Interpreting the Death of Edward VI by Kyra Krammer

Interpreting the Death of Edward VI by Kyra Krammer

Author:Kyra Krammer
Language: eng
Format: epub, pdf
Tags: Biography & Autobiography/Royalty
Publisher: Pen and Sword
Published: 2022-10-30T00:00:00+00:00


Chapter Ten

Edward is Becoming a King in Truth

King Edward likewise rode into London on 17 October ‘accompanied by the Councillors and all the nobles of the realm’1 in order to reassure the people he was alive and well. Wearing a coat of ‘cloth of tissue’ and bedecked in jewels, he led a magnificent parade of over a thousand horsemen through the streets of the city while the crowds cheered. Reminiscent of his coronation, the route from London Bridge to Temple Bar along which he rode was lined with ‘minstrels and singing men’ and ‘garnished with arras and other decent hangings’.2

The city was jubilant. There had been no bloody coup or usurpation of the king’s throne. The government had remained essentially stable, and there was no current threat of another civil war. All that the populace had to worry about now were the rising food prices, devalued currency, enclosures, continual plagues of incurable diseases, religious upheaval, and potential rebellions.

The king trusted his councillors once more, but he retained enough good feeling towards his uncle that he demanded assurances of Somerset’s safety and treatment. The duke was being treated well, and in spite of many historians assertions to the contrary, there is scant evidence that the Earl of Warwick was plotting to execute the former Lord Protector. It was Thomas Wriothelsey who was inveigling to take over the top spot in the council. It was Wriothesley who set out ‘with conservative support to recover the precedence he had lost in 1547 when the protector had sacked him as lord chancellor’, and only when John Dudley was threatened ‘to be dragged down as an erstwhile supporter of Somerset did he act in self-defence’ by seeking leadership.3 Warwick secured the appointment of Henry Grey, Marquess of Dorset, and Richard Cox, Bishop of Ely, to the council and with the addition of these two new allies he was able to cut off Wriothesley and the conservatives from governance. Once Dudley had control of the council, he could have begun to pressure them to prove Somerset’s ‘treason’ and execute him, king’s kinsman or not. Instead, Warwick worked with the crown to save the duke’s hide. The former Protector was able to pay a fine and be released from the Tower with the king’s pardon on 6 February 1550.

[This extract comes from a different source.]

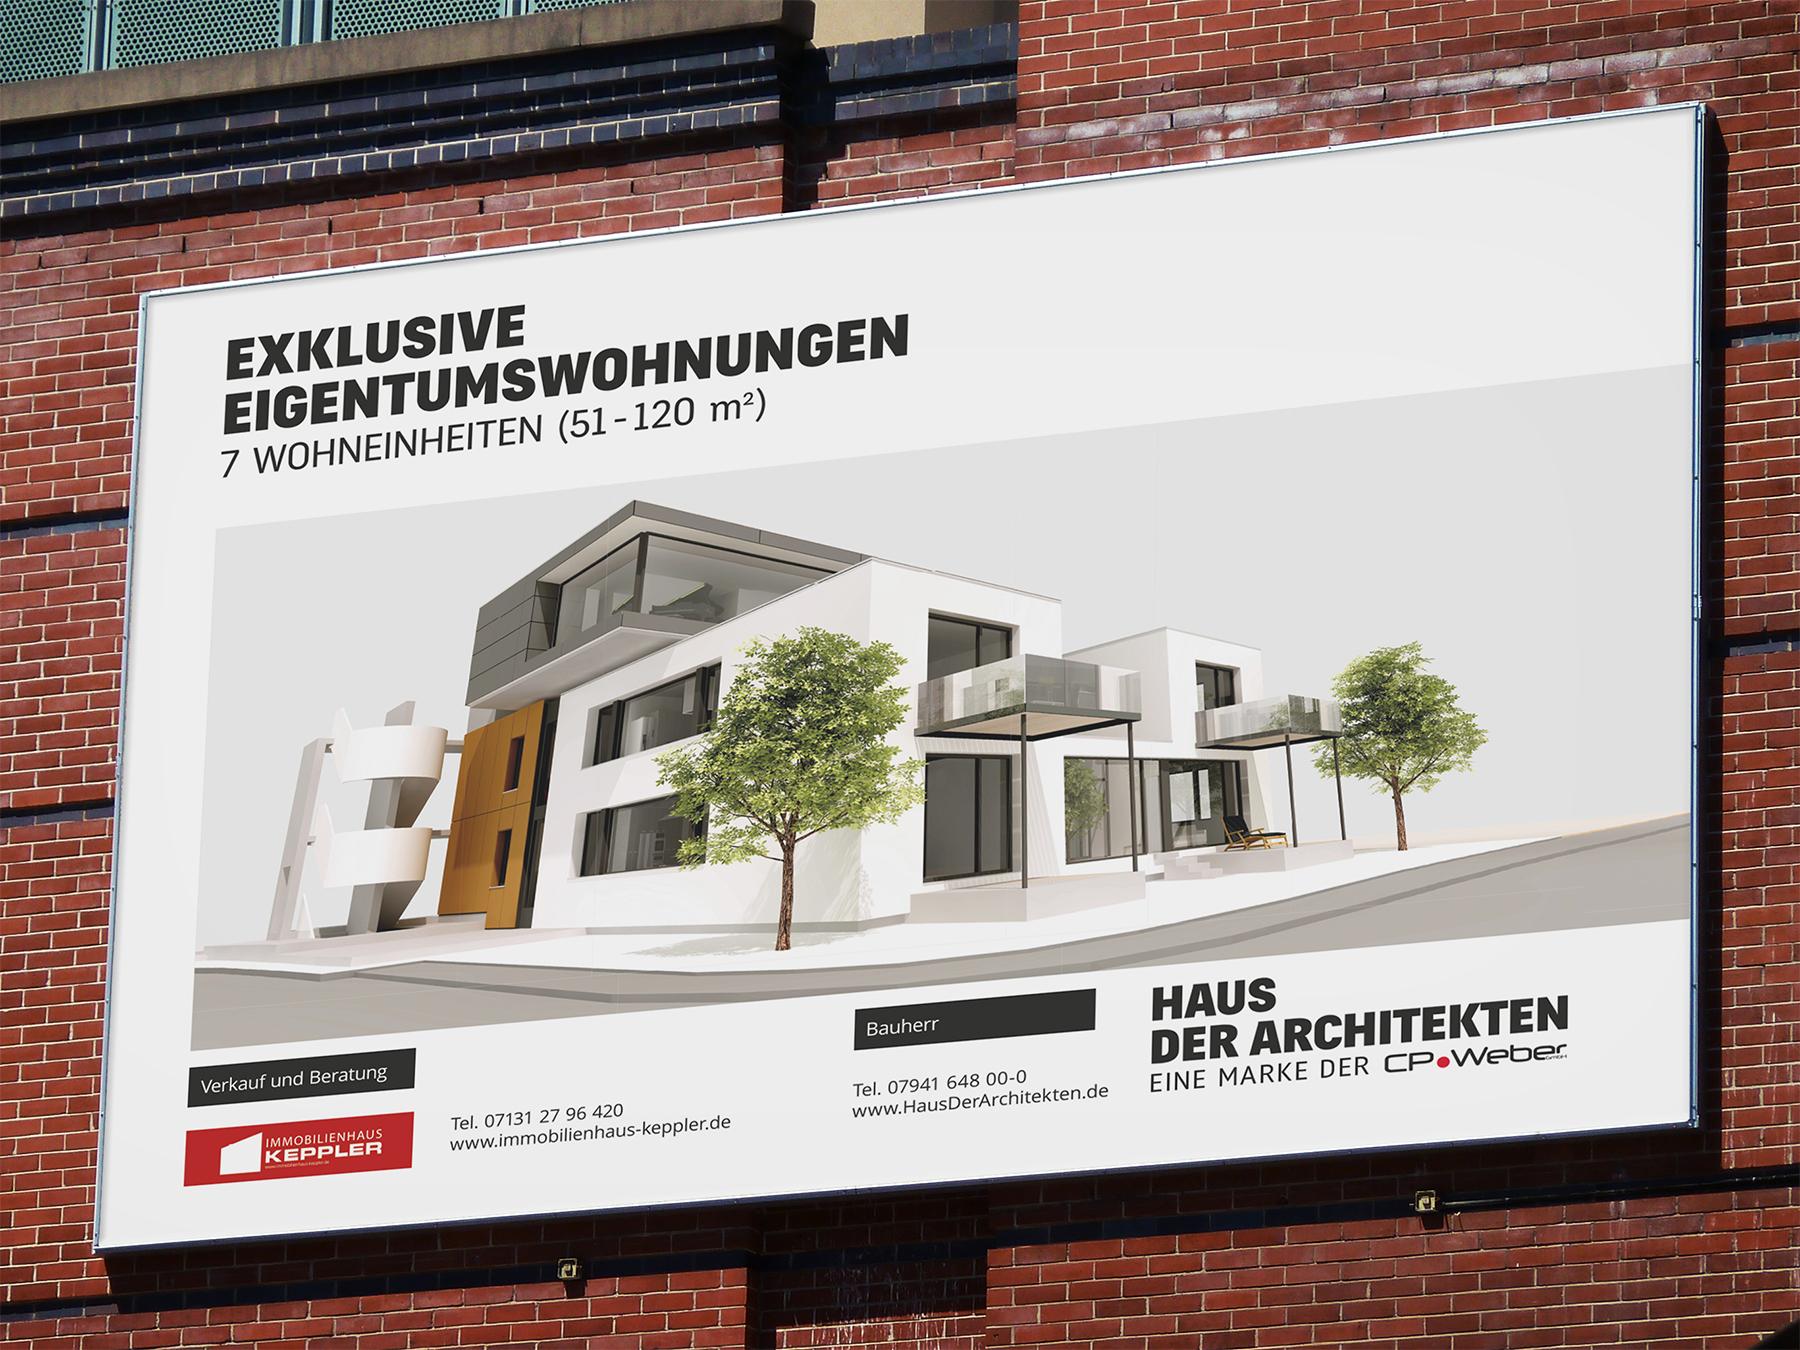 Bautafel | Haus der Architekten

If Dudley had ever planned on becoming the de facto monarch the way Somerset had, now was his chance, but he did not make the slightest attempt to give himself a similar protectorate. He behaved in the opposite manner, working to gain a consensus with his fellow councillors before implementing policy. Instead of personally holding on to the dry stamp of the king’s signature, as Somerset had done, he put Sir John Gage in charge of it. Gage was not only a lawyer, he had been one of Henry VIII’s trusted courtiers. He was made the chief gentleman of King Edward’s privy chamber, so that he would know if the monarch was aware that the dry stamp would be used.